I am all for the simplicity of a parry and punch to the face, I have zero problem with that.  The drill that most people train as "Hubud" or "Sagong Labo" with the "stop, pass, trap" or "parry, pass, trap" is a basic technique series.  Later, the other hand gets thrown into the mix with simultaneous hits, so the first beat might be "parry and cut to arm" which might be the "gunting" motion or simple "parry and palm heel to nose."  One of the problems with these drills is that the basic drill is what most people see and some practitioners never get past.


----------



## geezer (Oct 4, 2014)

So far all these posts are really excellent. Are there any studies to see if the combination of FMA and WC elevates your IQ? 


BTW, my DTE instructor also has a Pekiti background so I can definitely see what _Blindside _and _KPM_ are getting at.


----------



## Argus (Oct 5, 2014)

I think the main difference is that with short weapons, with which FMA train, arms can be cut, where as empty hand, they can't, so it makes more sense to attack center.

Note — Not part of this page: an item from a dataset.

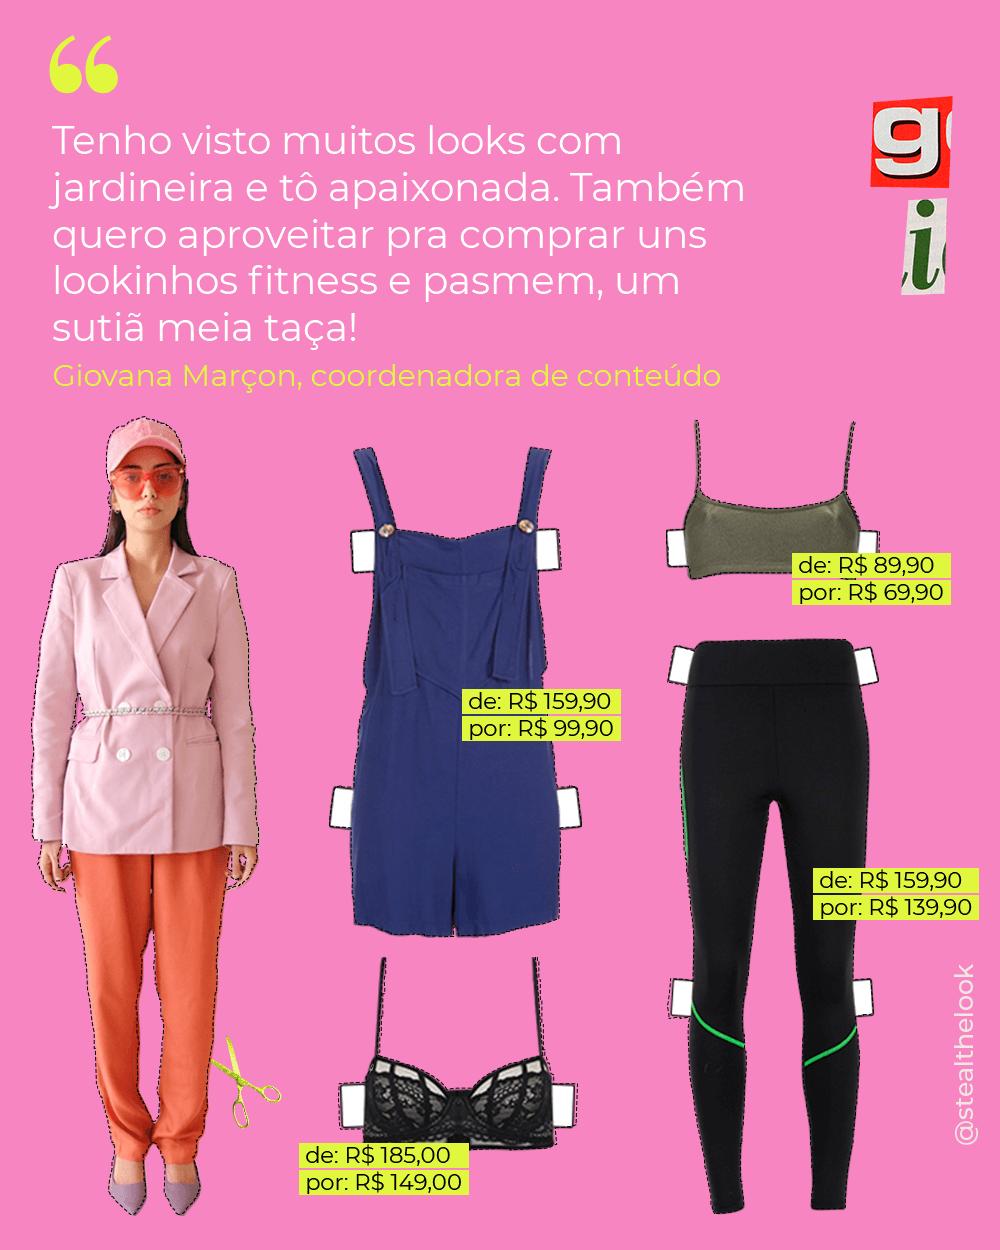 Giovana Marçon - compras na sale - compras sale saldo - inverno - street style - https://stealthelook.com.br

Again, I think fencing offers a useful analogy. Anyone who has trained with longer weapons will quickly find that applying a WC mentality; staying on the centerline, chasing the opponent, and not his weapon meets with success. However, with shorter weapons this does not hold true, because your hand is already well within range before you can threaten your opponent's body. This is why you will see more parry-reposte, and less chasing center and what we would refer to as "lat sau jik chung" in something like military sabre, or renaissance dussack, compared to rapier, longsword, or spear.

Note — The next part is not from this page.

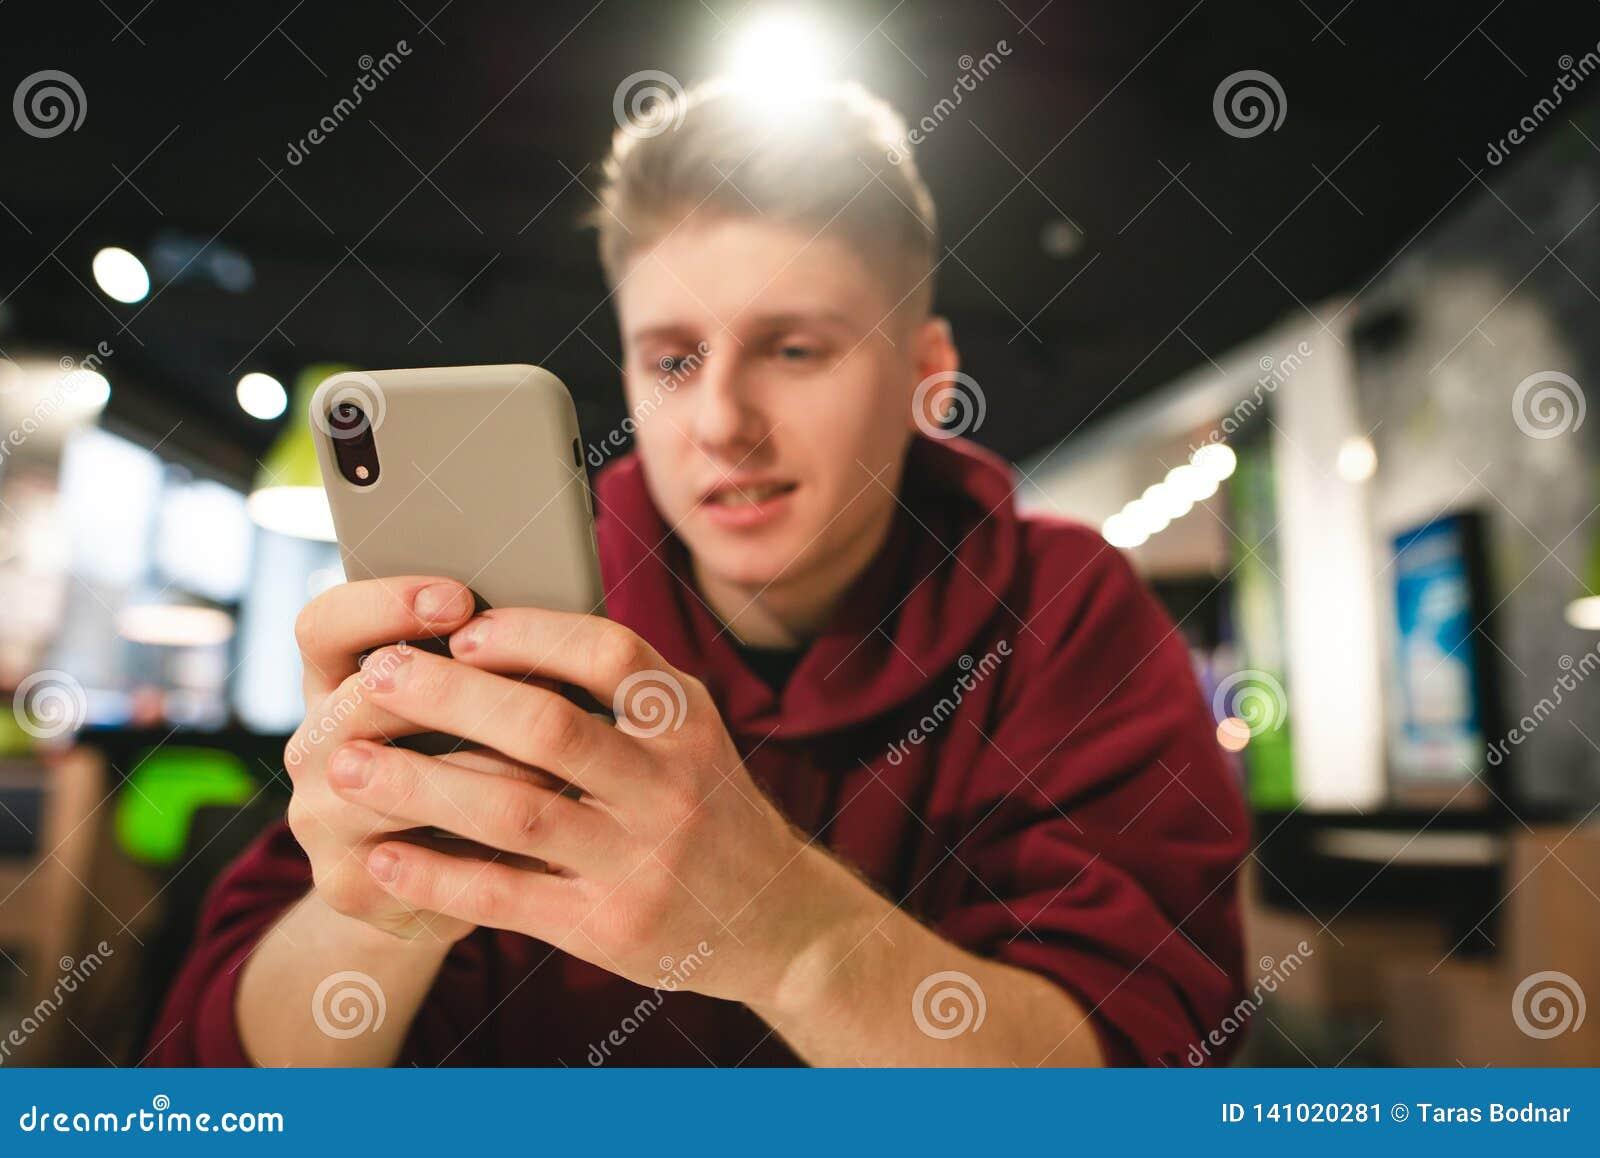 Фокус на смартфоне, положительный парень использует интернет на смартфоне Молодой человек использует смартфон в кафе фаст-фуда

Nonetheless, I suppose if someone is slashing at your arms and chasing hands, you can still apply WC principles. Remove the hand they're chasing, and follow in with the other one. But really, from a self defense standpoint, if they're not actually trying to stab or cut your body, you should really be disengaging, not playing with them. In that sense, I think WC is still well suited to dealing with an earnest attacker.

Admittedly, as usual, I'm speculating about things which I'm mostly ignorant of


----------



## K-man (Oct 5, 2014)

geezer said:


> So far all these posts are really excellent. Are there any studies to see if the combination of FMA and WC elevates your IQ?


I think from what I have read that is an extremely remote possibility.


----------



## Thunder Foot (Oct 5, 2014)

I concur with geezer. the feeling of chasing hands I kept running into went against the principles of WC I learned. As a result I didn't find a continuance in the simplification process of Martial Art that I was seeking. Alternately, I do find the simplification furthered in Do form and continue to practice it.


----------